I am trying to use map_partitions
with a function that depends implicitly on a large object. The code looks something like this:
big_array = np.array(...)
def do_something(partition):
# some operations involving partition and big_array
dask_dataframe.map_partitions(do_something)
I then get the following error:
Traceback (most recent call last):
File "/Users/wiebuschm/.pyenv/versions/3.8.5/lib/python3.8/site-packages/distributed/protocol/core.py", line 72, in dumps
frames[0] = msgpack.dumps(msg, default=_encode_default, use_bin_type=True)
File "/Users/wiebuschm/.pyenv/versions/3.8.5/lib/python3.8/site-packages/msgpack/__init__.py", line 35, in packb
return Packer(**kwargs).pack(o)
File "msgpack/_packer.pyx", line 286, in msgpack._cmsgpack.Packer.pack
File "msgpack/_packer.pyx", line 292, in msgpack._cmsgpack.Packer.pack
File "msgpack/_packer.pyx", line 289, in msgpack._cmsgpack.Packer.pack
File "msgpack/_packer.pyx", line 258, in msgpack._cmsgpack.Packer._pack
File "msgpack/_packer.pyx", line 225, in msgpack._cmsgpack.Packer._pack
File "msgpack/_packer.pyx", line 258, in msgpack._cmsgpack.Packer._pack
File "msgpack/_packer.pyx", line 196, in msgpack._cmsgpack.Packer._pack
ValueError: bytes object is too large
distributed.comm.utils - ERROR - bytes object is too large
Since big_array
somehow needs to be shipped to all the workers I'm willing to believe that we encounter some large bytes objects along the way. But what's the upper limit?
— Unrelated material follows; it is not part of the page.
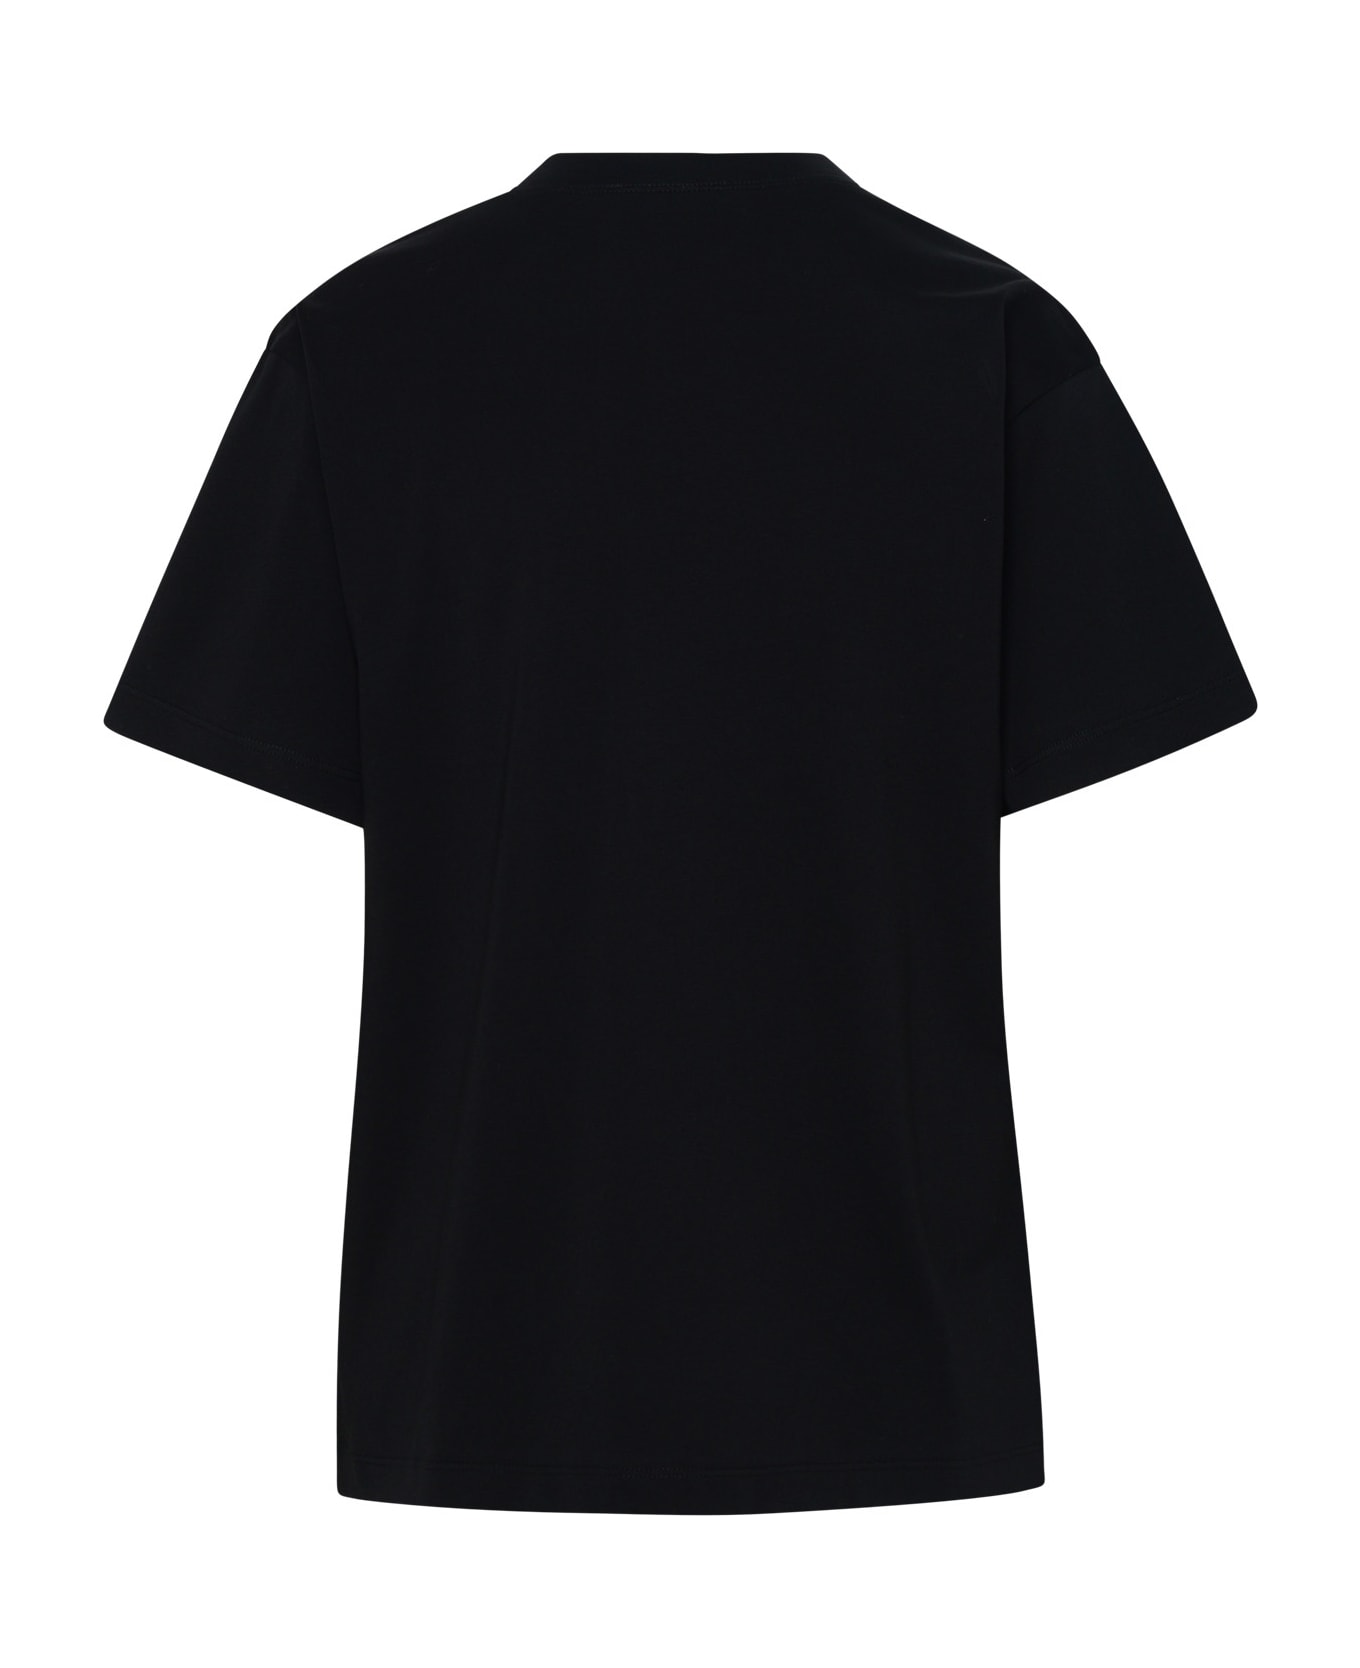 M05CH1N0 Jeans Black Cotton T-shirt - Black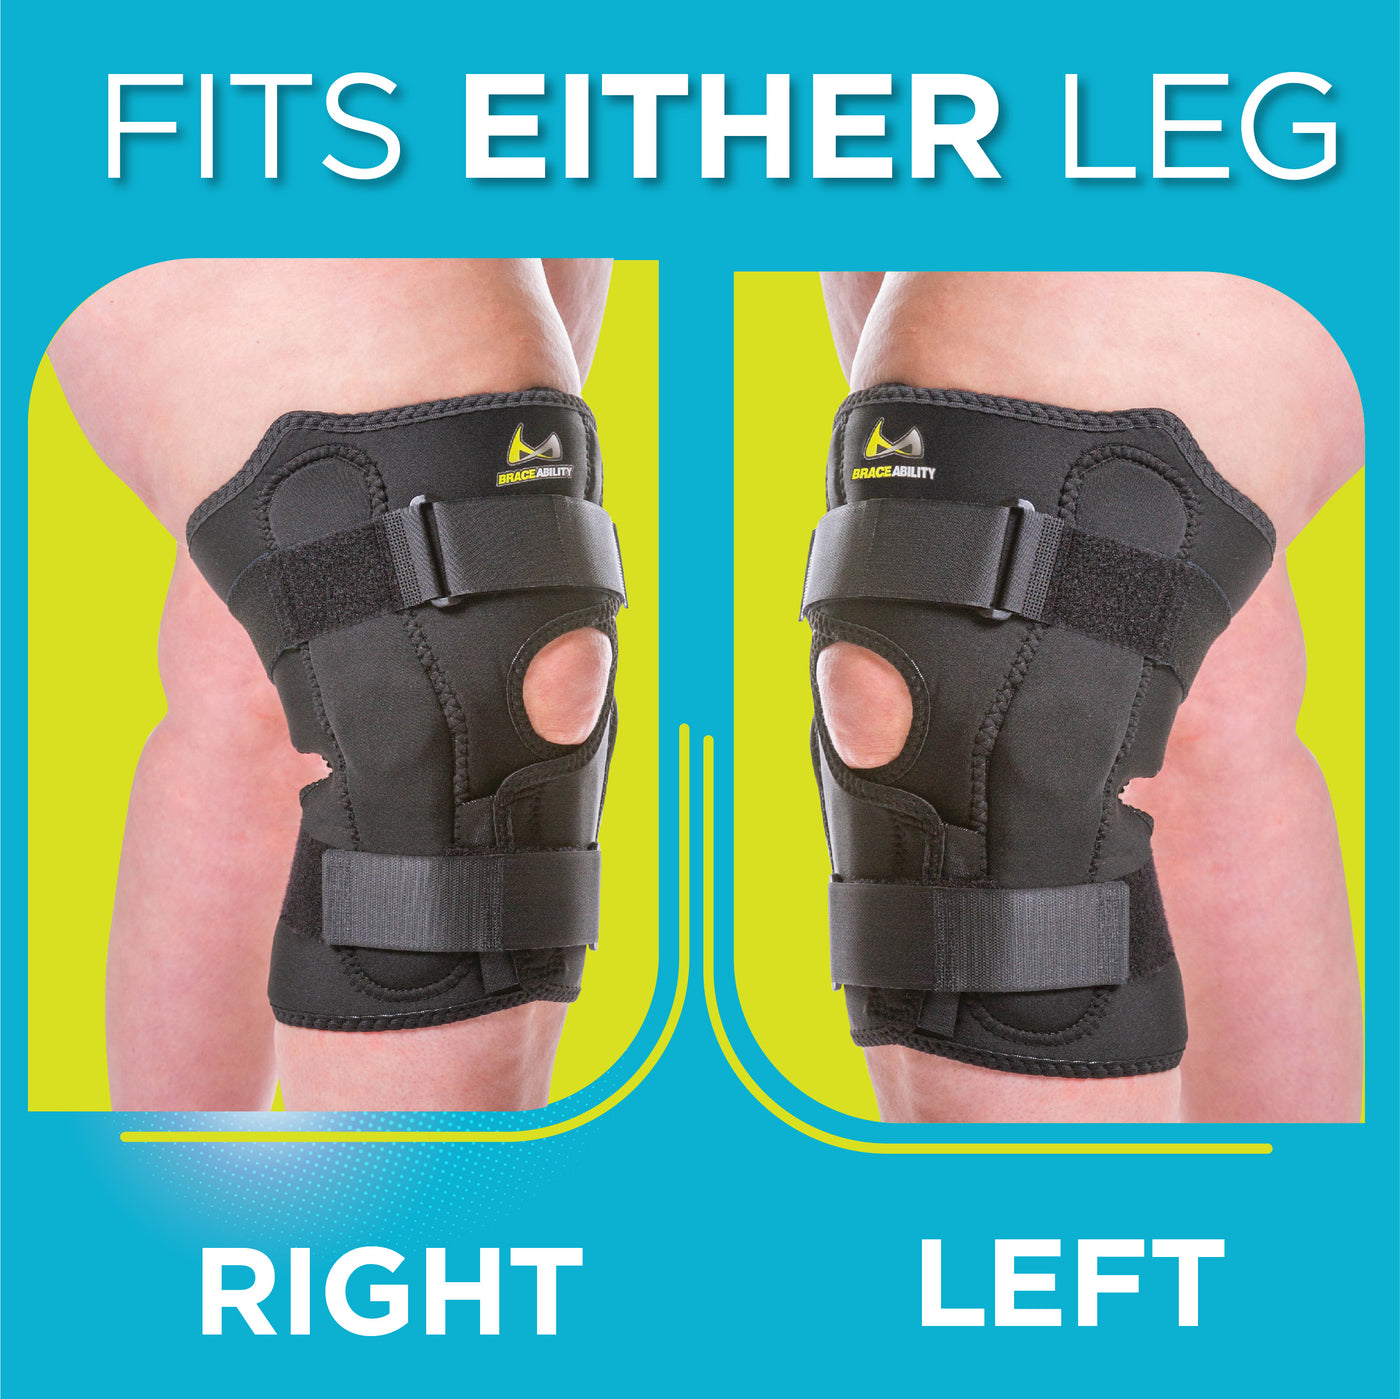 Hinged Knee Brace Adjustable Knee Support Wrap for Men&Women Pain

And how can I increase it?
Since big_array somehow needs to be shipped to all the workers I'm willing to believe that we encounter some large bytes objects along the way.
Here is your clue - don't make large function definitions like this. You should use scatter
to move your array to the workers, if you cannot have them load the array.
def do_something(partition, big_array):
# some operations involving partition and big_array
array_on_workers = client.scatter(big_array)
dask_dataframe.map_partitions(do_something, array_on_workers)